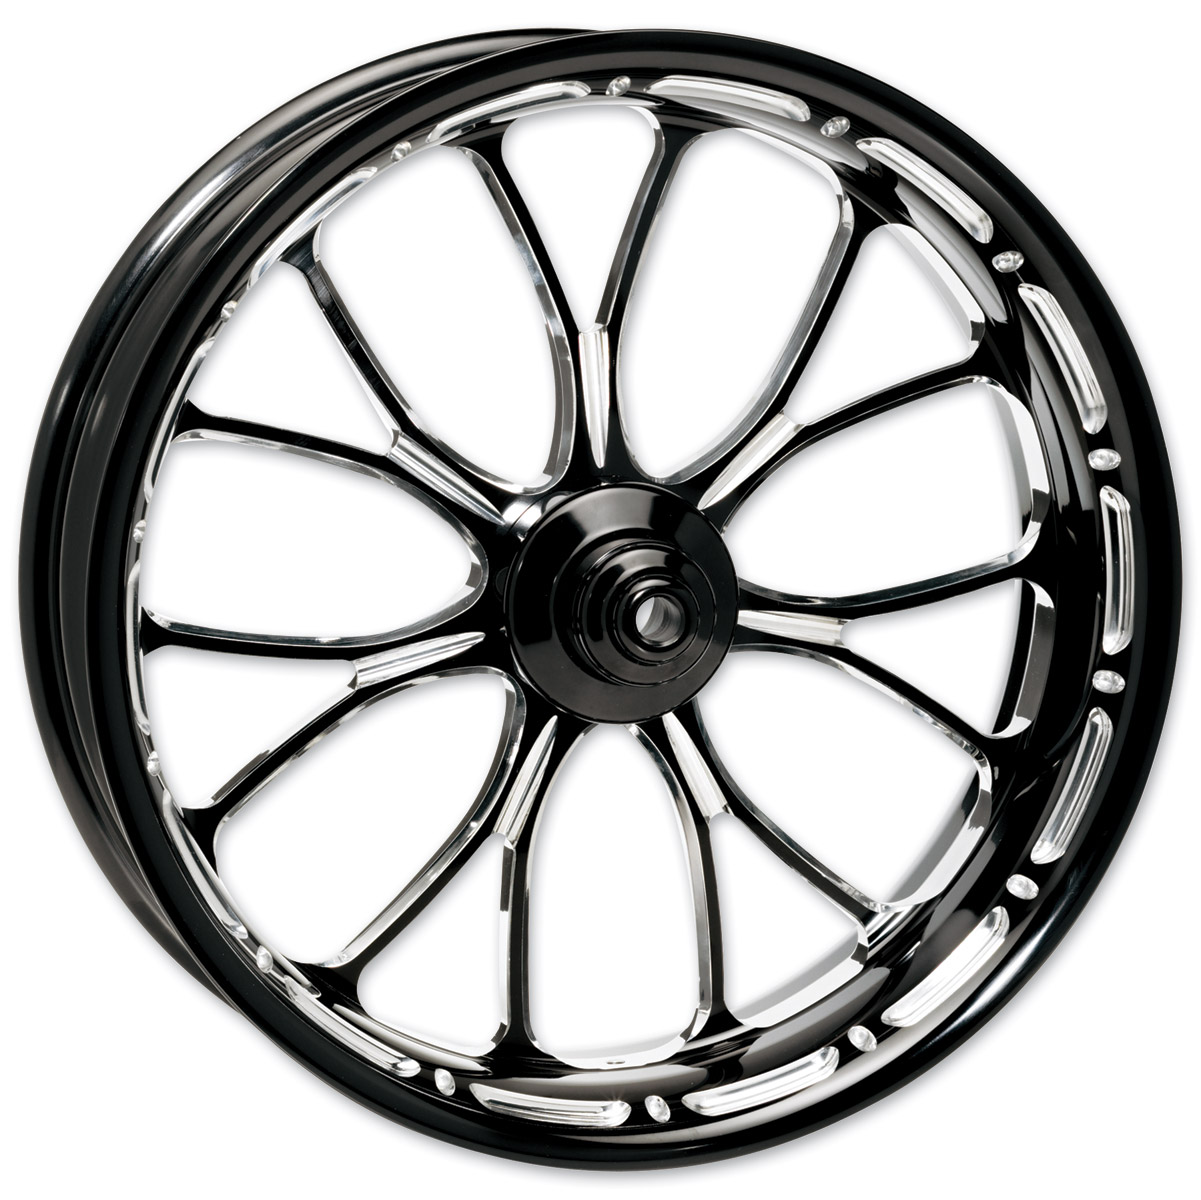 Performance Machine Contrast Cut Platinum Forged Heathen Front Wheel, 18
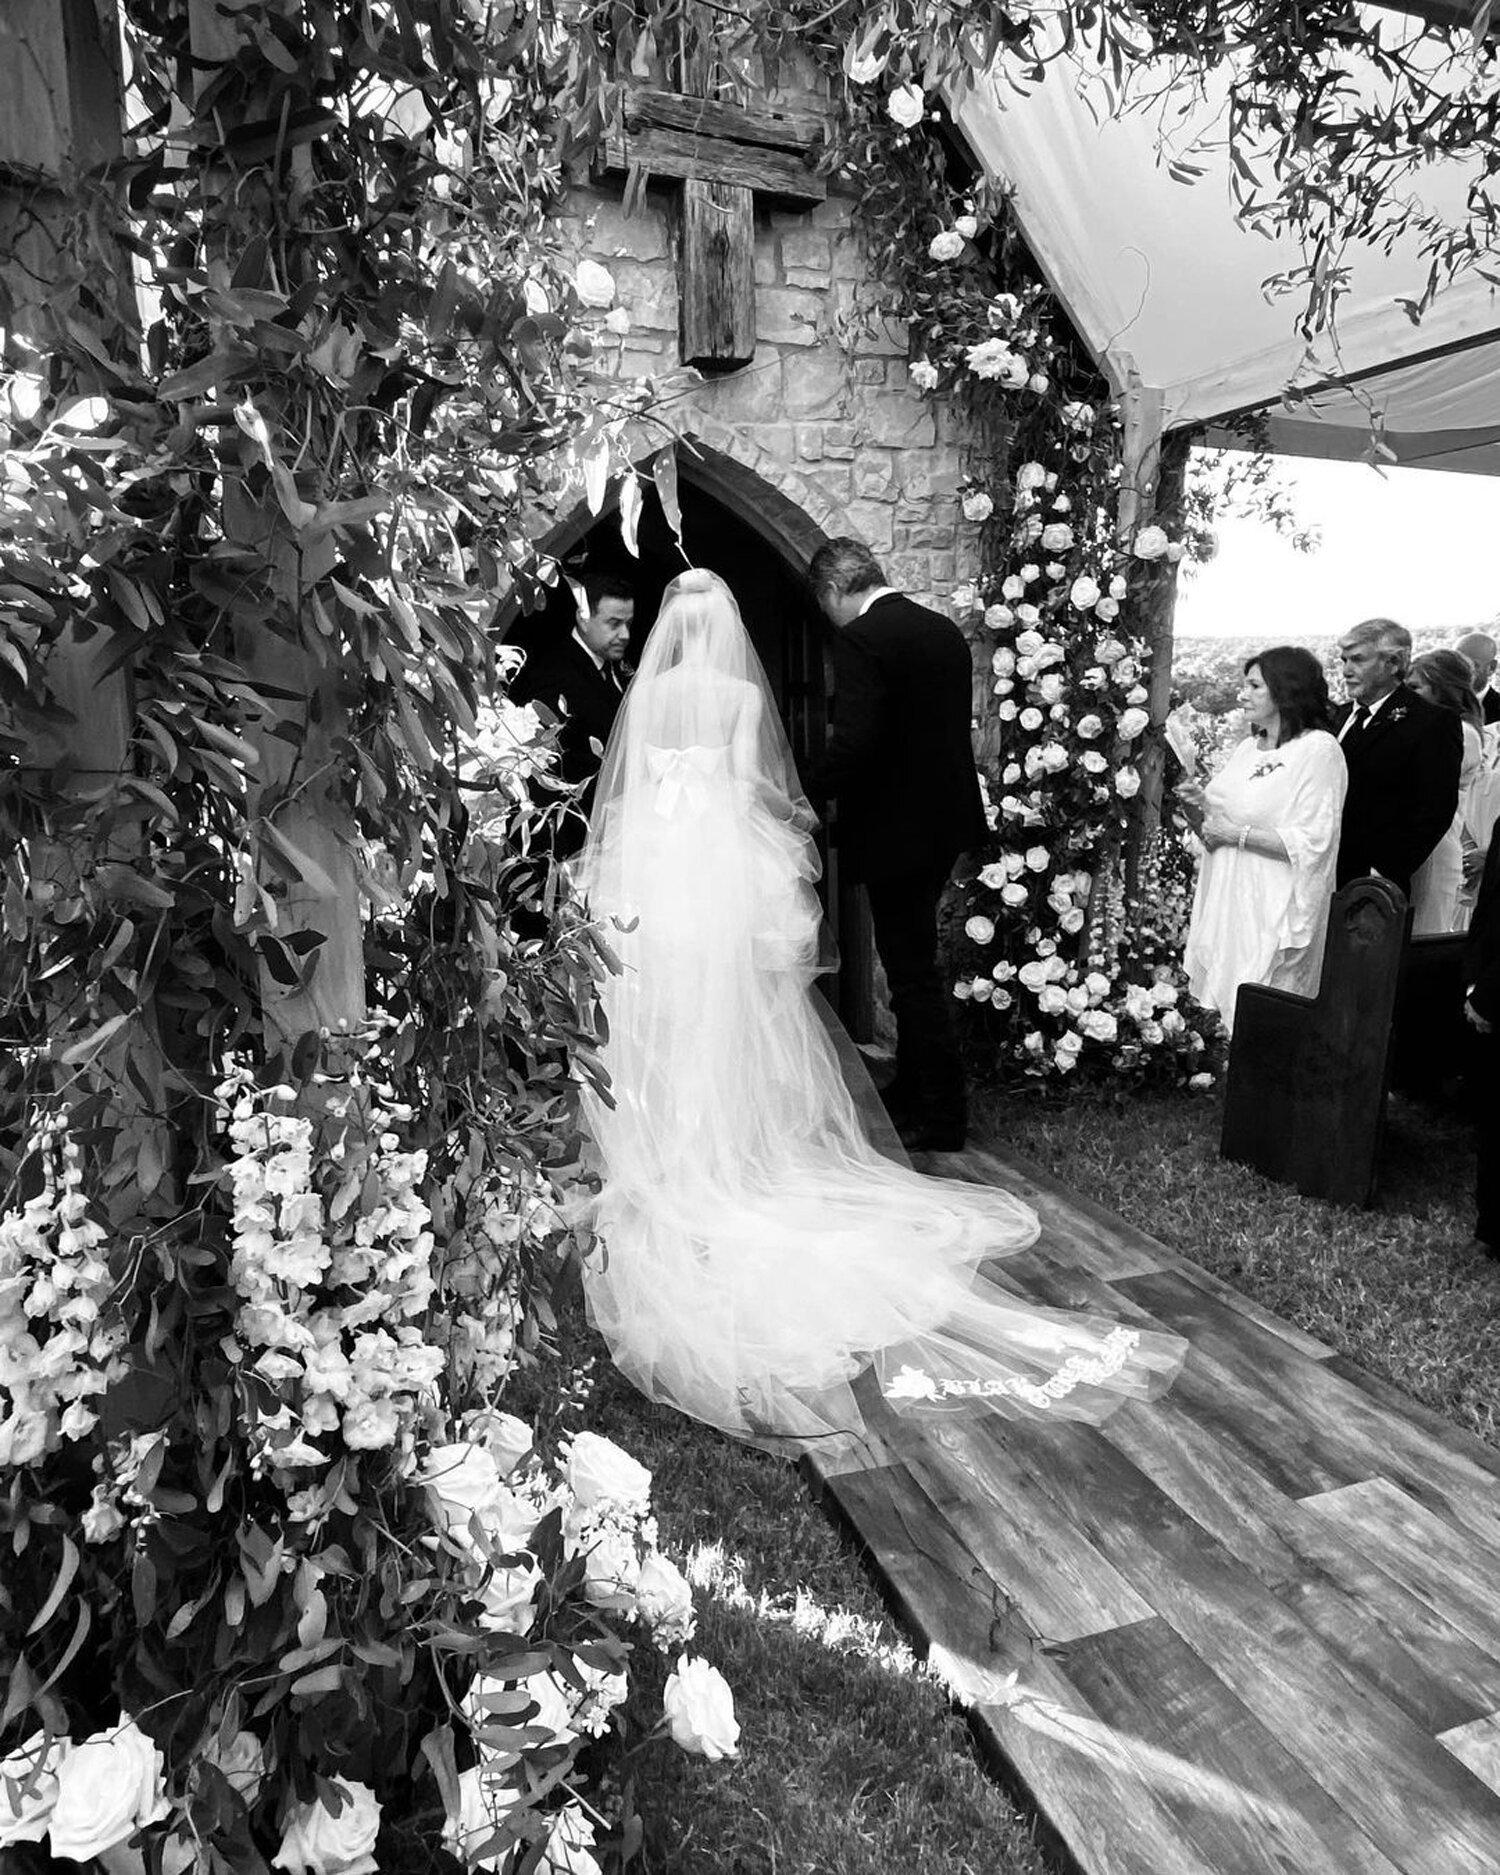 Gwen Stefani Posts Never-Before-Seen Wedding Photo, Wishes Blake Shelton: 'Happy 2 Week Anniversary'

**********

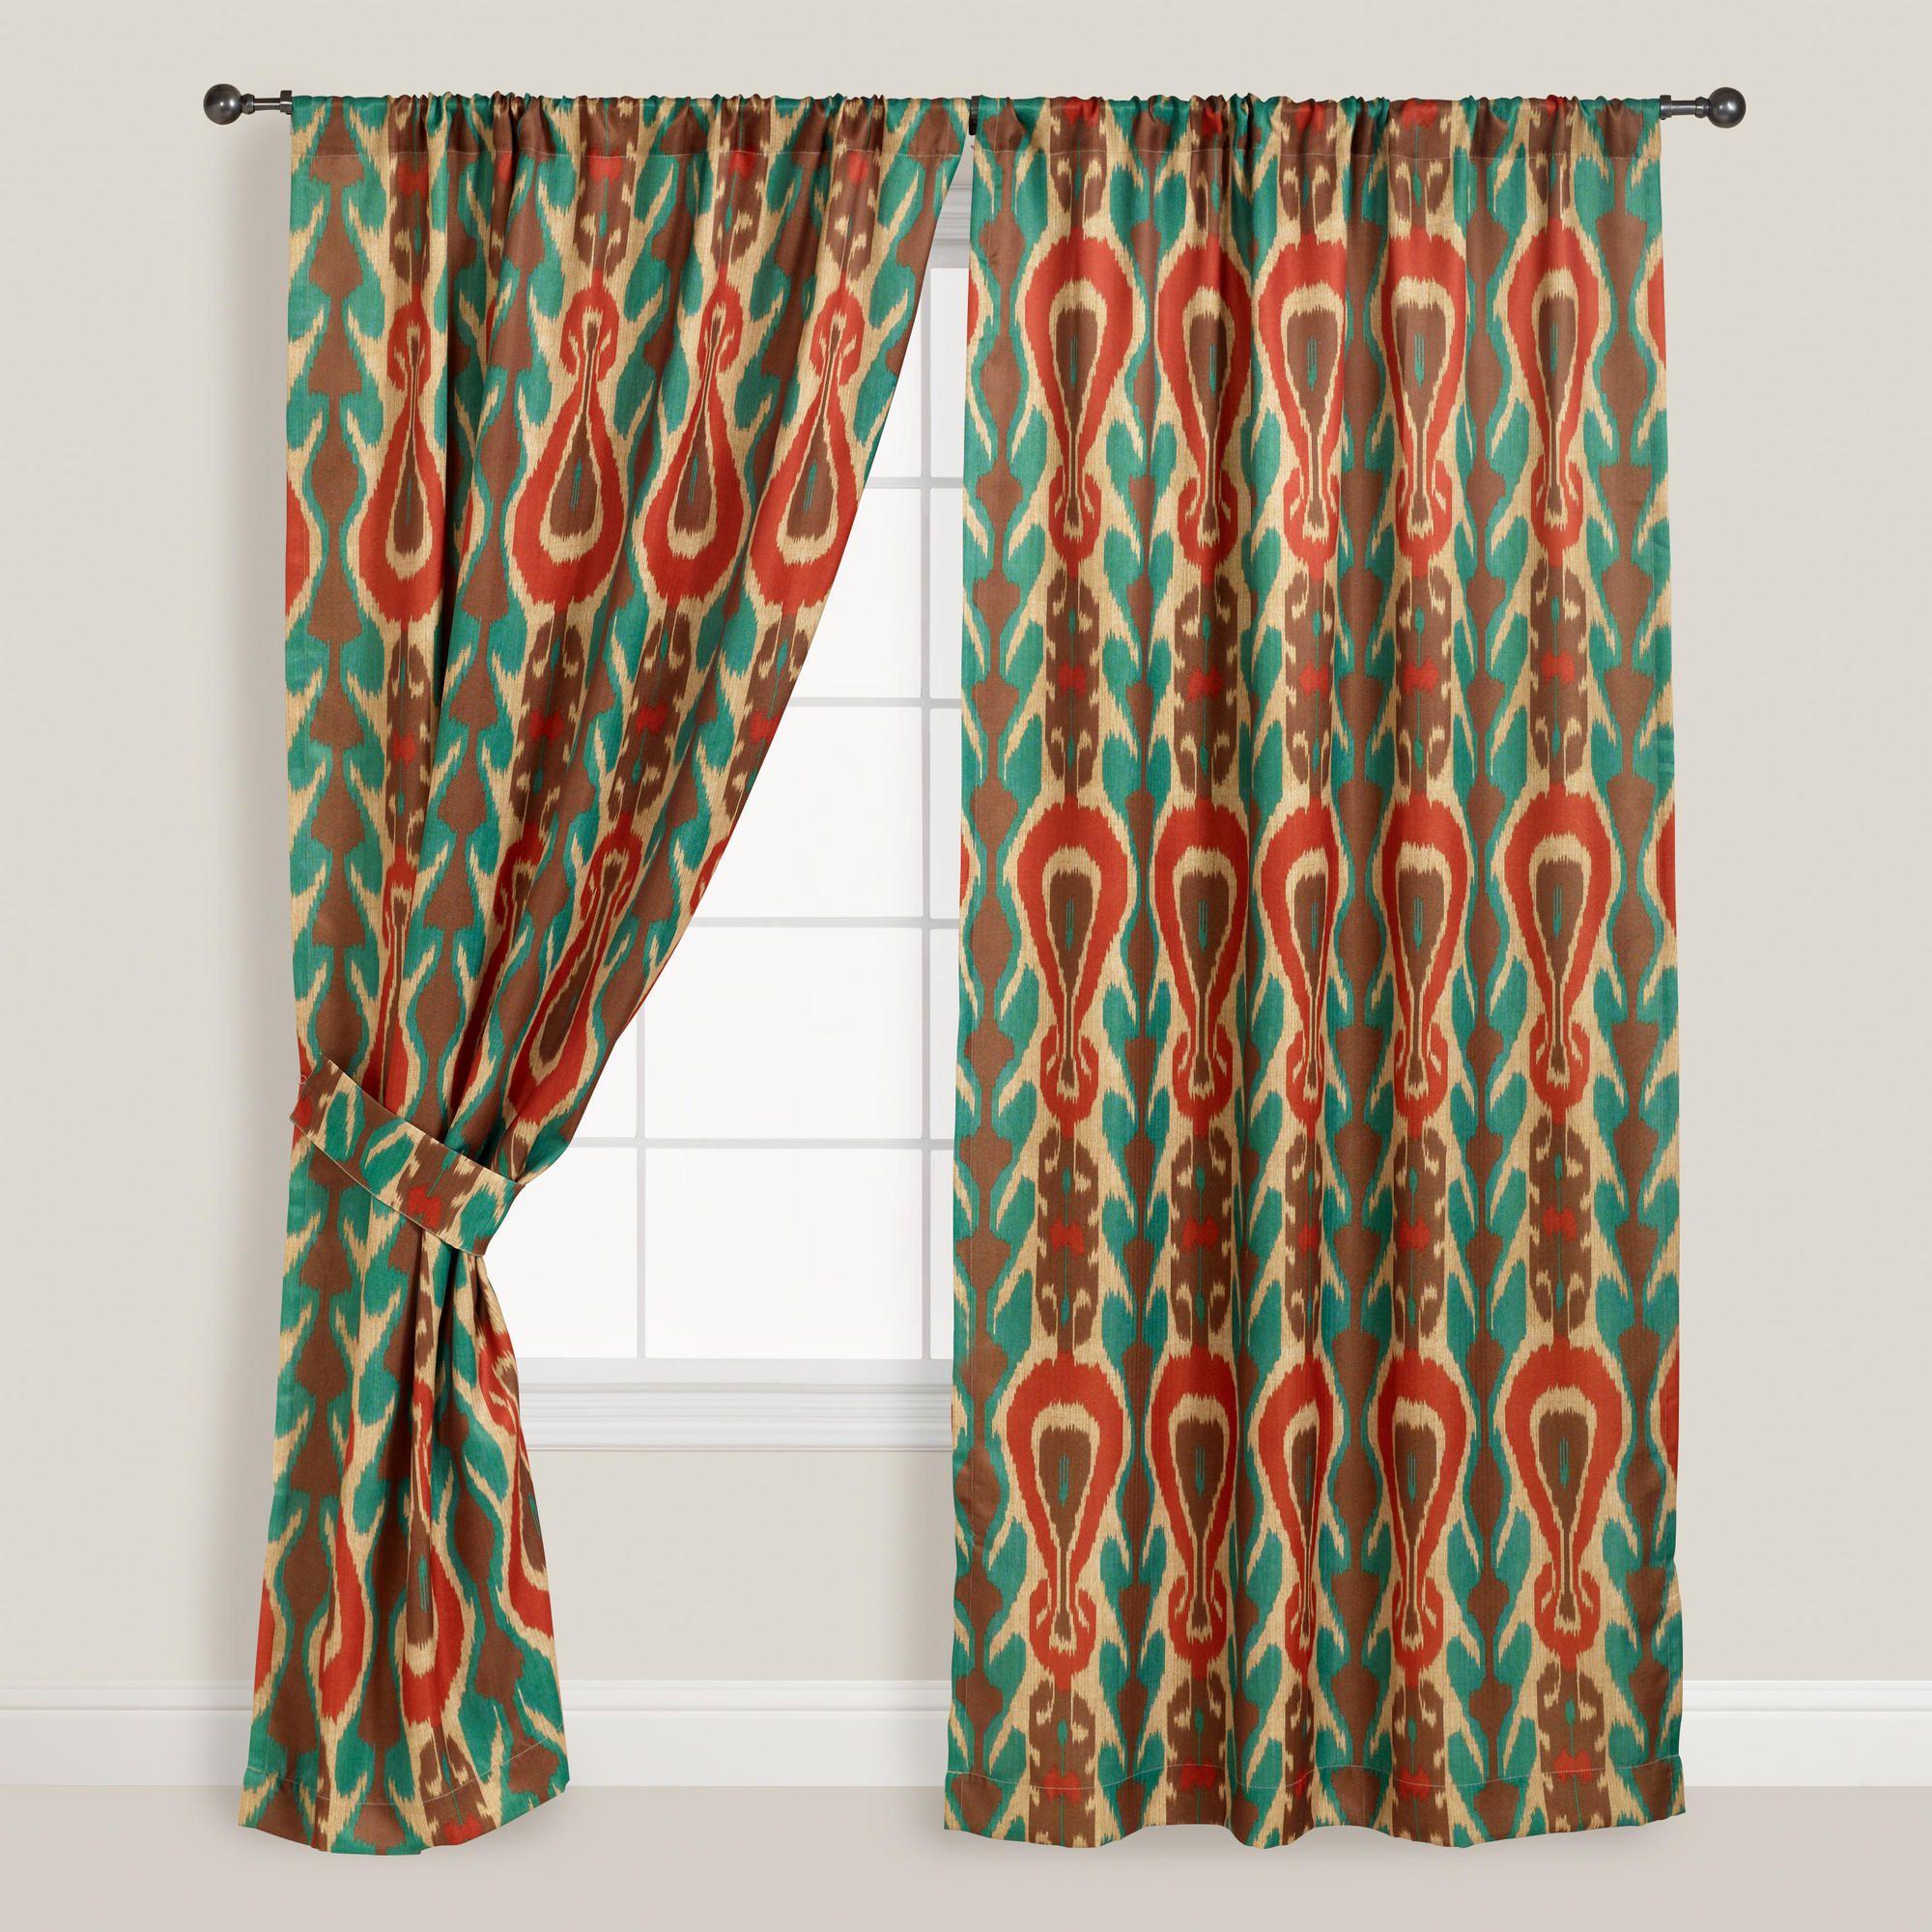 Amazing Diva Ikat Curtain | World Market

**********

> **What is needed**: Your answer must be the exact lines from the records above, from the one containing "Performance Machine Contrast" through the one containing "Gwen Stefani Posts", both included, with every picture left out.

> **Result for this task**:
 Performance Machine Contrast Cut Platinum Forged Heathen Front Wheel, 18
 Gwen Stefani Posts Never-Before-Seen Wedding Photo, Wishes Blake Shelton: 'Happy 2 Week Anniversary'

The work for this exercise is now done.